Polyethylene glycol-substituted lysine peptide-compacted nanoparticles containing an enhanced green fluorescent protein (EGFP) expression plasmid (pZEOGFP5.1) were sub-retinally injected in adult mice (1 µl at 0.3, 1.0 and 3.0 µg/µl). Mock and saline injections were performed as controls. Retinas were examined for transgene expression and for signs of inflammation at 1, 2, 4 and 7 days post-injection (PI). H&E staining on retinal sections was performed to detect infiltration of polymorphonuclear neutrophils (PMN) and other inflammatory cells. Immunohistochemical analyses were performed to detect expression of macrophage marker F4/80 and myeloid marker myeloperoxidase (MPO). Expression levels of chemokines KC, monocyte chemotactic protein-1 (MCP-1) and tumor necrosis factor alpha (TNF-) were evaluated by ELISA and by quantitative RT-PCR.

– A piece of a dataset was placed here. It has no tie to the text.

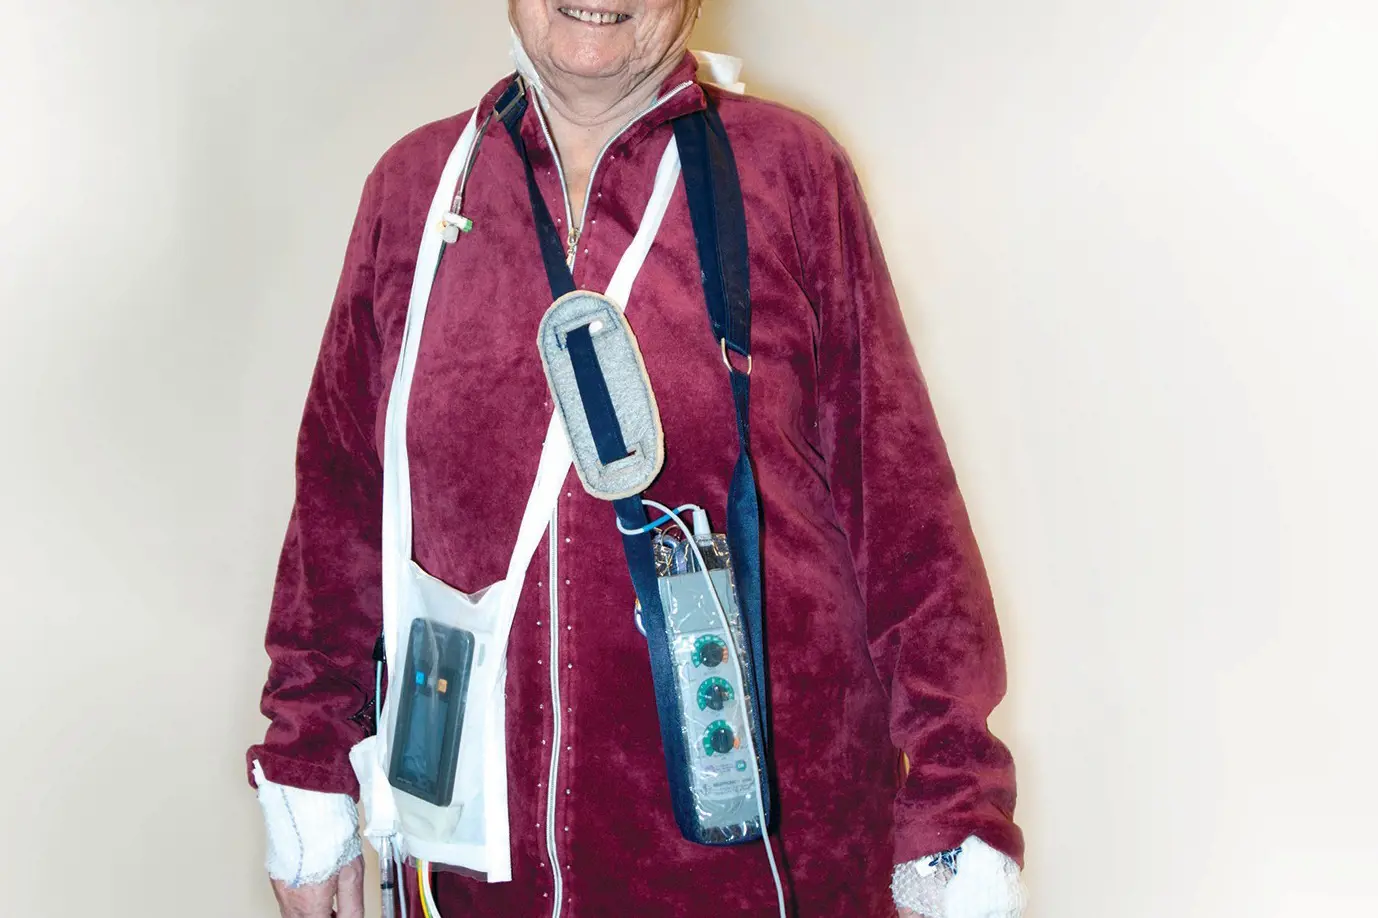 Bilde viser ein pasient som er oppe å går med mellombels pacemaker og telemetriovervaking.foto

Subretinal delivery of the nanoparticles induced expression of EGFP in photoreceptors and retinal pigment epithelium cells. Neither infiltration of PMN or lymphocytes nor elevations of F4/80 or MPO were detected in retinas of mice that had been injected with nanoparticles. Levels of KC mRNA were increased 3-4 fold in eyes that had been injected with either nanoparticles or with saline at PI-1, but returned to control level at PI-2. No elevation of KC protein was observed in these mice. Levels of MCP-1 protein were increased 3-4 fold at PI-1 for both nanoparticle and saline injected eyes, but also returned to control levels at PI-2. Thus transient elevations of MCP-1 protein were related to the subretinal injection procedure. No elevations of TNF- mRNA or protein were detected.
These investigations show no signs of local inflammatory responses or cellular toxicity following subretinal injection of compacted DNA nanoparticles, indicating that the retina may be a suitable target for future clinical nanoparticle-based interventions.